Hi, I really love your blog and creative puns! Can you tell me more about your job? I want to learn more about being an editor. What did you major in? What kinds of options did you have and is your job a specialized editing job or not? Are you secure in it and besides questionable vampire erotica written by people who seem not to ever have interacted with another person before, do you like it? I kind of want to be an editor but I don't know too much about it. Thank you so much!
So I’ve talked a lot about how I got into editing before, and I always feel like I’m bursting people’s bubbles. Because I am not the poster child for a successful career. I am in fact the opposite. I graduated with my Bachelor of Arts with Honors in Literature and Linguistics, just as my friend got promoted to Senior Editor at her work. She needed an assistant, I did a competency test or five, and I got hired on to work my way up from run-around monkey, to final line editor, to occasionally working on copy/sorting the slush pile.
Most houses want you to have a Masters in Publishing. But because I had friends in the house, my lack of qualifications were ignored, and I was competent and worked hard so they were happy to let me learn the old way, like an apprentice. As with many things in this kind of industry, it’s who you know, not necessarily what. I got certified in proofing, editing and a whole bunch of other formatting and tech stuff and was pretty much running at full steam ahead and loving it.
And then the second wave of the 2008 Economic Recession hit the UK again in 2013 and the House moved me from employee to contractor...and then contractor to occasional worker...and then me and my friend struck out on our own because the House couldn’t afford to keep us and let go of six other people as well, and well, put it this way, my friend is living on welfare after a complete mental collapse, and I went back to catering events and waiting tables to make ends meet.
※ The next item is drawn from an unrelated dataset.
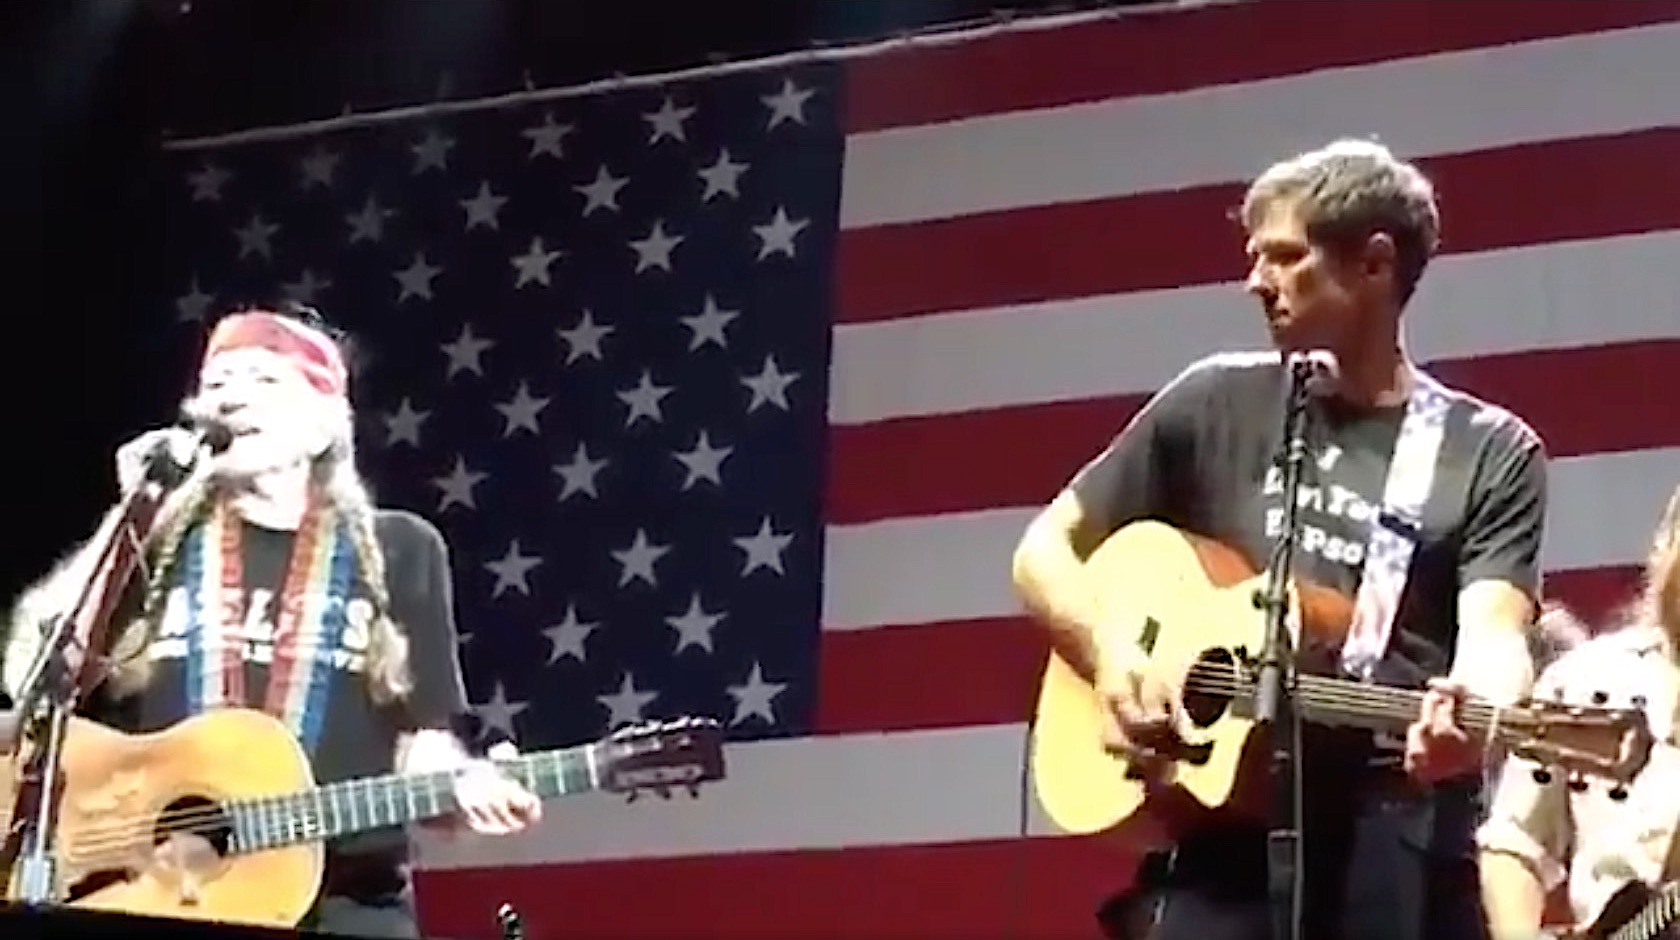 Rep. Beto ORourke jams with Willie Nelson

Freelance is incredibly hard work, especially when you have authors who are not used to having to pay you up front for your fees and suddenly don’t think you’re worth it.
So no. It was not a secure line of work. And freelancing certainly isn’t. For me to make half of what I made in House, I’d need to work 60 hours a week. I used to work 30. But people don’t want to pay for skilled services, so when you turn round and tell them “yea I’m $25 an hour” (Which is still $20 less than what I used to get) they balk and say “What, for fixing grammar???!!” and then flounce off to do their own thing. Which is why so many self published books have the narrative flow of mud.
The money I make now from freelancing is...well it’s not enough to even get taxed under the IRS, they basically laugh it off as chump change and pat me on the head for telling them. But that’s also in part because I am far too sick to work the hours I would need to work in order to make it work. So I’m very lucky for my husband’s income, and also the people here on tumblr who throw money into my tip jar every now and then, and now my patreon too. If it hadn’t been for people donating earlier in the year I wouldn’t have been able to afford vital medical testing, and we’d have had collectors harassing us for my ER bill in January. (Because nothing rounds up a near death experience like collection agencies demanding money—America! F Yeah!)
That all said? I genuinely love editing. I love working with people on their creative babies, I love watching writers grow, I love watching a book take off. I love keeping an eye on the careers of people I did work with and seeing them do well. I loved all of it, questionable vampires and all. So if you really really want to do the thing? Talk to your careers counselor at school about current requirements, apply for every single internship you can find. And be prepared to work your absolute ass off. But if you love it? It’ll be worth.